# REEL SERVICING GOLD COAST



## munro91 (Oct 18, 2011)

so i picked up a second hand shimano stradic 4000 ci4 today for $120 off gumtree and was wanting it to get a bit of a check up and service before i put it to the test and it fail. I did have a bit of play with it before i bought it and it all felt smooth with no clunkiness or anything. theres not even a scratch on it that i can see and the seller said he brought it for his son about 2 years ago but his son moved over seas so decided to make some money from it. I also pulled the handle and spool off when i got it home and it didnt have any crap/dirt/salt or anything that i could see in there but im no expert haha

so i just wanted to know if anyone knows of a decent/affordable reel service person/shop on the goldy that they have used and are happy with.

kind regards,
munro


----------



## spottymac (Aug 29, 2005)

Hi Munro 
I have started to service my own reels.
Alan Tani has a awesome site for doing up reels.
See the tutorial below 
http://alantani.com/index.php?topic=914.0

Raff at Gold Coast Bait Tackle is good, you will find them on Brisbane Rd, Shop 2 - 57 59 , Biggera Waters.

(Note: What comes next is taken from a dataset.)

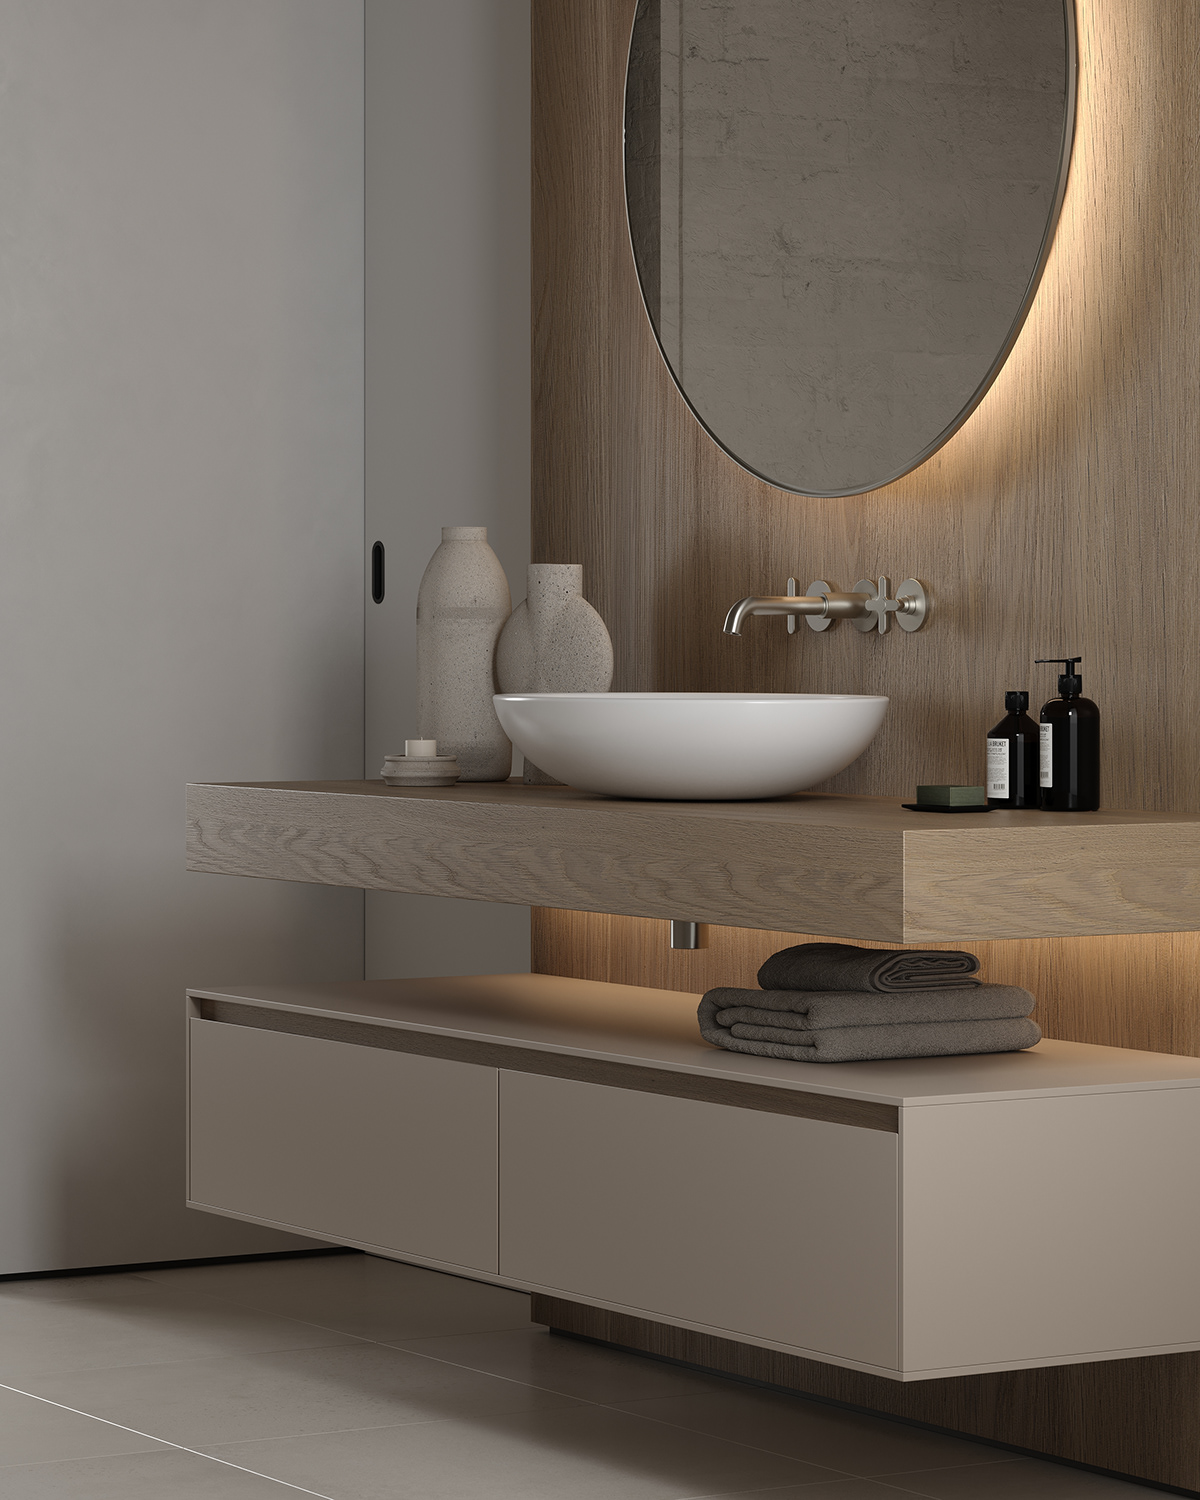 bathroom interior design  Render visualization 3ds max CGI Interior design

A few of the Boys get there reels done at Palm Beach Bait and Tackle next to the Cash Converters.

Hope this helps


----------



## Slazmo (Oct 18, 2010)

Peter Charles - Reel Service Australia. He's a personal friend of mine & have known him for the last 17 years and all of those he's been in the reel service game. Shimano and Daiwa and others certified etc... Lots of knowledge & advice!

Located at unit 1 / 8 Topaz Ct, Holywell. 4216. Or call 55 642052.


----------



## munro91 (Oct 18, 2011)

Thanks for the tip slazmo the name won't be forgotten next time I need a reel serviced.


----------